GroktoCrawl v0.9.0: You Could Rent a Web Scraper. Or You Could Own One.

Magnus Hedemark 4 min read
A vintage steel engraving of a kaiju octopus with an exposed brain rising from Tokyo Harbor, six tentacles holding engraved feature signs for GroktoCrawl v0.9.0
The Groktopus kaiju in a 19th-century scientific etching, tentacles holding the six pillars of the v0.9.0 release: crawl engine, deep search, find-similar, monitors, observability, and security.

You Could Rent a Web Scraper. Or You Could Own One.

The full stack runs at ~12 GB disk and ~2.7 GB RAM: less disk than a single AAA game title, less memory than two Chrome tabs with a hundred open browser tabs. Yet the SaaS alternative charges per page, caps your throughput, and processes everything through someone else's infrastructure. The pricing starts reasonable. Then your usage grows. Then you get the email about your new plan tier.

We hit that wall with Groktopus. We needed a web research stack that could crawl deeply, search broadly, and answer questions with grounded citations, all without bleeding budget on per-API-call pricing. So we built one. MIT licensed. Runs entirely on your hardware. One docker compose up and you have a full web research platform.

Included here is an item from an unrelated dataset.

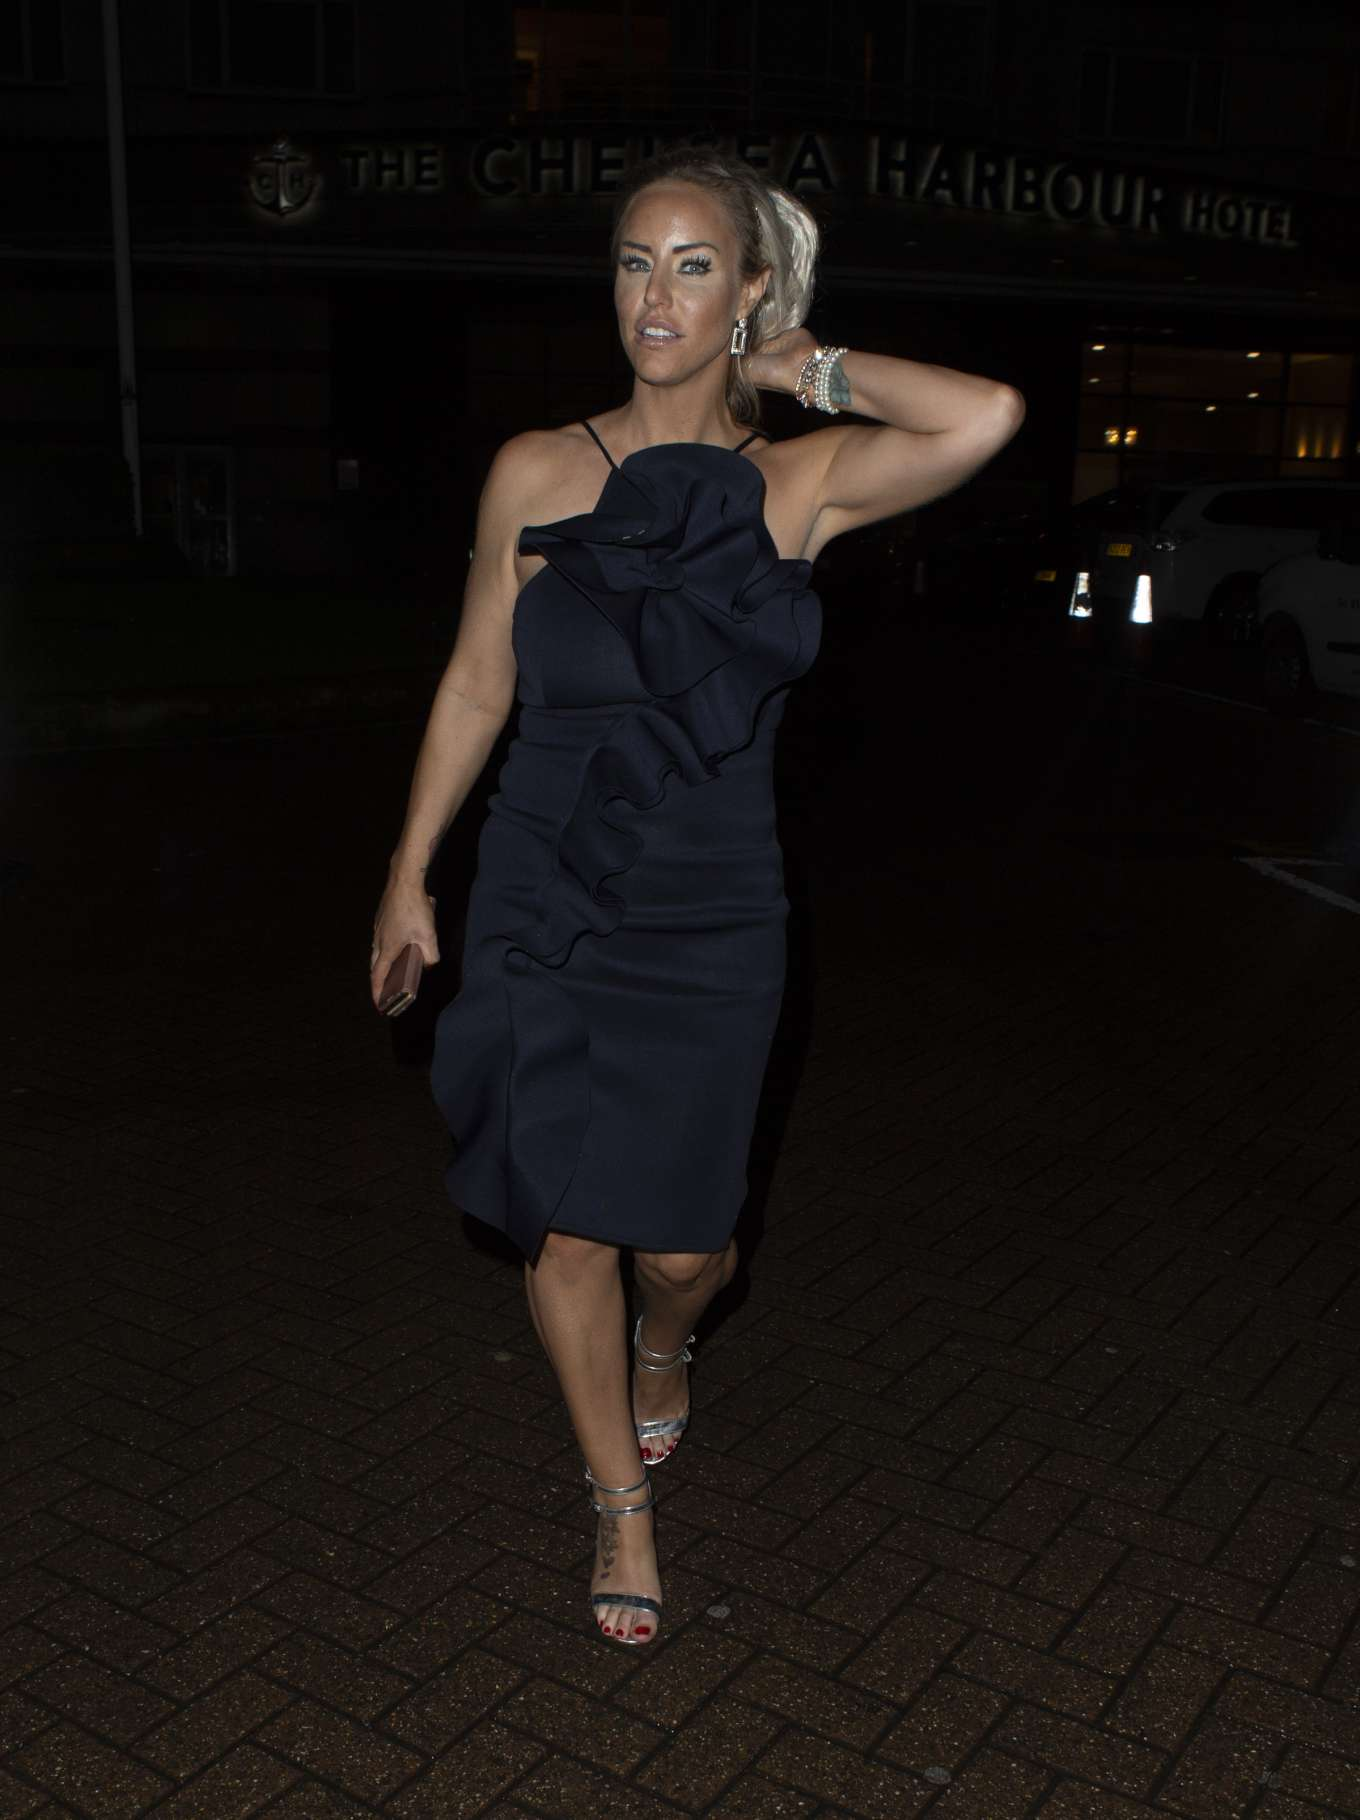 Danielle Mason - Seen at Chelsea Harbor Hotel in London

Today we're shipping GroktoCrawl v0.9.0, the biggest release since the project started. It's also a good moment to reintroduce what GroktoCrawl is and why you'd run it yourself.


What GroktoCrawl Is

GroktoCrawl is a self-hosted alternative to Firecrawl with significant extensions. It implements the Firecrawl v2 API surface (/v2/scrape, /v2/search, /v2/map, /v2/crawl, /v2/extract, browser sessions, and monitors). Then it adds capabilities Firecrawl doesn't offer:

  • Persistent semantic search: a Qdrant vector index that remembers everything you've crawled, enabling similarity search across your entire archive
  • Grounded Q&A: the /v2/answer endpoint that searches, scrapes, and synthesizes with citations in a single round-trip
  • Site adapters: specialized extraction for GitHub, Substack, Reddit, YouTube, Bluesky, Gutenberg, Greenhouse, AshbyHQ, and Shopify stores
  • SlopSearX: a multi-engine meta-search aggregator (48 engines) that replaced the single-backend search limitation. This is another tool we built in-house at Groktopus, and we are open-sourcing it alongside GroktoCrawl. Same philosophy: the tools we use internally are the tools we give to the world.
  • Intelligent scrape cache: ETag/Last-Modified revalidation that avoids re-downloading unchanged pages
  • An autonomous research agent: kick off a multi-source research task and let it work through results
  • A web portal: :8082 for human users who prefer a UI

Every service runs in Docker on your hardware.


What v0.9.0 Ships

This release centers on a production-grade Crawl Engine: BFS crawl with configurable concurrency, domain scope controls, glob and regex path filtering, a three-mode sitemap parser, and per-page webhooks with HMAC signatures. Crawl progress streams over SSE so you can watch pages come in live. A Valkey-backed cache with maxAge/minAge semantics prevents redundant work.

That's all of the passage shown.